From: Gregg Reynolds (firstname.lastname@example.org)
Date: Wed Jul 13 2005 - 10:37:22 CDT
Peter Kirk wrote:
> On 13/07/2005 00:52, Gregg Reynolds wrote:
>> ... From the Unicode perspective, a sequence of characters like
>> é is just a sequence of 5 distinct characters with no further
>> semantics. Interpreted in accordance with XML, however, such a
>> sequence *must* (not "may") be interpreted as e acute. Note that (if
>> I'm not mistaken) such interpretation logically precedes other
>> parsing. That is, an XML parser will first interpret (i.e.
>> substitute) character *entities*, and then parse the resulting text.
>> So what gets passed from the XML parser to higher-level processors is
>> e acute, not the five character sequence é. ...

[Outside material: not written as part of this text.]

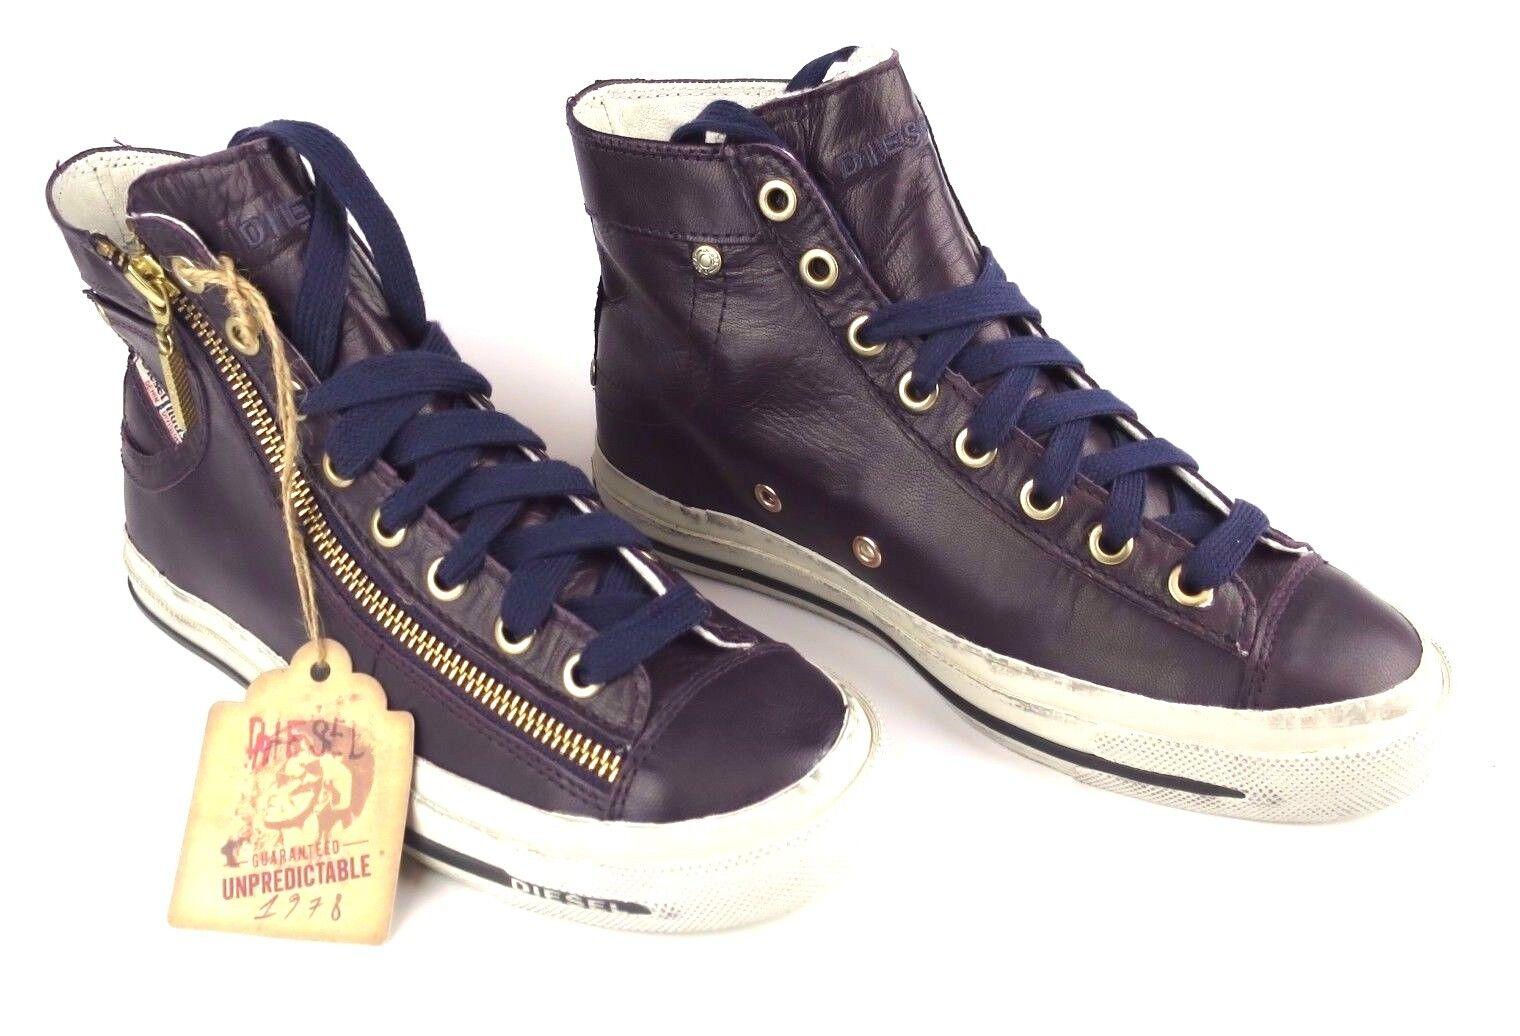 DIESEL scarpe da ginnastica MAGNETI Expo-Zip Expo-Zip MAGNETI da Donna Designer Scarpe Woman Shoes d1 6e0193

> I don't think you can be quite right, at least unless XML is quite
> different from HTML here. For surely in both HTML and XML character
> entities like < can and should be used to replace the character "<"
> when this is not to be interpreted as the start of a tag. This implies
> that character entities are parsed not as the first stage of parsing,
> but only after "<" is recognised as the start of a tag.
I stand corrected. What I should have said is that an XML parser will
first *replace* character entities, before passing the data to the
consuming application. When that happens in relation to parsing (i.e.
checking for well-formedness) is implementation-dependent, if I'm not
mistaken. I find the XML spec a little fuzzy on that point (I can't
wait for the English translation); it talks about at least < and some
other char entities being "escaped".